Been reading some rather daring music history by an interesting fellow named Piero Scaruffi. He's a cognitive scientist and poet most of the time, but he's taken the time over 35 years to amass a startlingly comprehensive knowledge of the history of rock music. I don't agree with all of his conclusions (Zappa beats the Beatles...dunno about that), but his scholarship is rather impeccable. The fact that raucous songs with titles like We're Gonna Rock We're Gonna Roll and Good Rockin' Tonight In Texas appeared in record stores seven years before the acknowledged date of rock's first appearance is just one of the fascinating tidbits Scaruffi removes from the dust of obscurity. His whole approach centers around the theory that the charts are an aberration, and that the true history of rock can only be traced by ignoring them and just looking at what was out there when. The results are definitely worth looking at, which you can do here.

I also rediscovered some music I had put in my brain's archive box many years ago, and only pulled out again on a whim. For those who don't own the Proclaimers' little-known first album, This Is The Story, you're missing some of the most joyous and infectiously melodic music you will ever hear. This is the album the two bespectacled Reid brothers made when they couldn't afford a band, and consequently is just the two of them in a room, wailing away with an enthusiasm few have matched. I bought the cassette over a decade ago, committed most of it to memory, and hadn't felt the need to return to it until recently. Upon coming across the CD version on an online shopping excursion, I ordered it, and damned if it ain't even better than I remembered it. Better still, the CD version has complete lyrics in the sleeve, so I can ACTUALLY UNDERSTAND WHAT THE BLOODY SCOTS ARE SINGING ABOUT. Sure, some of it's silly, but as Craig Reid sings, "I wouldn't know a single word to say, if I flattened all the vowels and threw the 'R' away..." And I friggin' dare you to listen to The Joyful Kilmarnock Blues and not leap about in a frantic dance that might prove unseemly if you happened to be wearing a kilt. And if you ARE wearing a kilt, I recommend you don't listen to The Joyful Kilmarnock Blues.

 

 

Speaking of things rediscovered, I've finally been able to...gasp...put up a new Acoustic Surprise.
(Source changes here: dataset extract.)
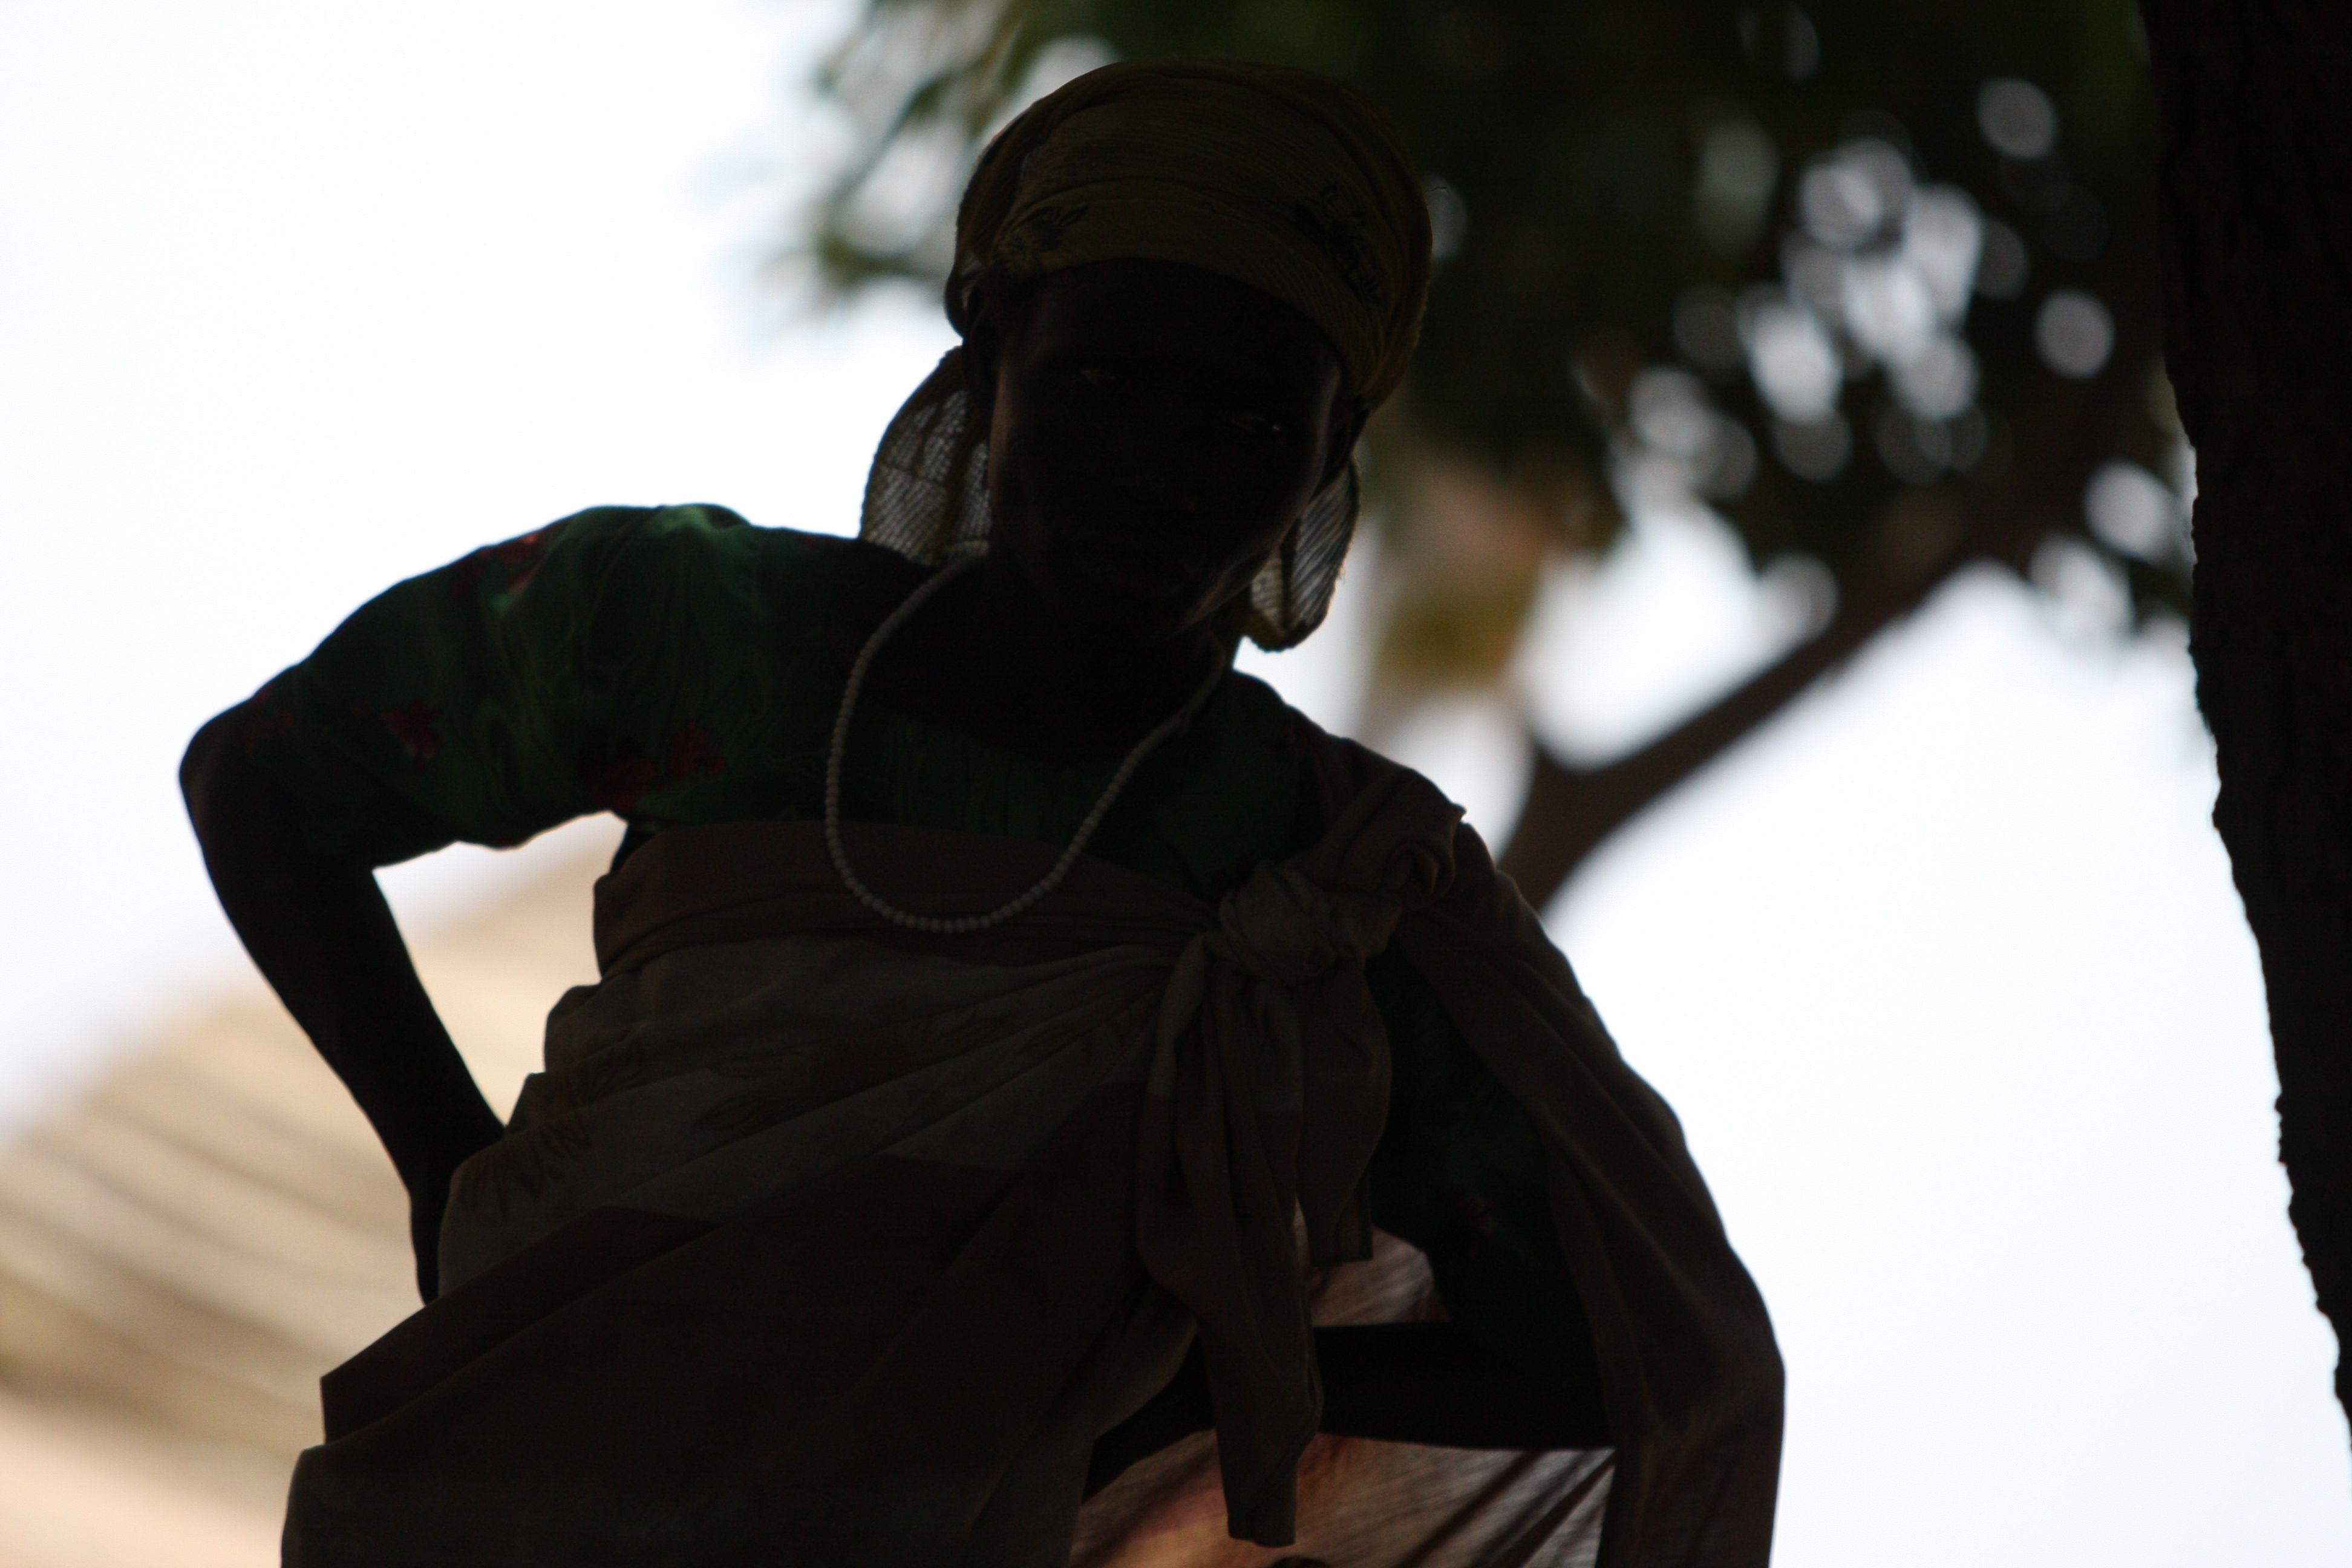 A silhouette of South Sudan

I know, I know, it's WAAAAY overdue. But now, armed with my new ProTools setup, I've done a bigass cover of the Church's classic Under the Milky Way which I believe you'll find enjoyable. But remember, download it while you can, since it may be replaced by a new one as soon as 2007...

Still laying tracks for the second album, and it's going well. I feel really good about what's been done so far, and I look forward to sharing it with you next year. The learning curve on the new studio setup hasn't been as steep as it was in 2000, so hopefully there'll be fewer "oh crap" moments than the making of texas was afflicted with. Big kudos to deanpence, Doug Kwartler, and Paul for helping me grasp and execute the newfangledyness without fatal incident.

Speaking of deanpence, he and I are still producing the deanpence cornhole show every week, and it appears to be getting an audience. New episodes are posted on Sunday night, and all episodes can be downloaded here. It's fun for all ages, provided those ages are over 18.

I had a bit of an unnerving experience the other day while walking around in what appeared to be a food court, but turned out to be a memorial to veterans of the Vietnam War. Its anonymity kinda disturbed me, so I wrote a bit about it. Your take may depend on...well, lots of things, but here it is regardless.

10:44 PM -

I gots to get to bed. Hell, by the time this gets read, there may be a new little person in the world with my DNA onboard and ready to make them completely socially unacceptable. I'm looking forward to it.

I'll leave you with the words of the Reid brothers:

"When the inspiration is above my station
Thoughts are melancholy and I let them pass
I tend to view this nation
Through the condensation
On a dirty glass..."

- The Proclaimers, Misty Blue

Make of it what you will, I'm off to have a quiet bourbon in a relatively clean glass. Tell that lady next door that 11PM is not the time for Mountain. Nor, really, is any time.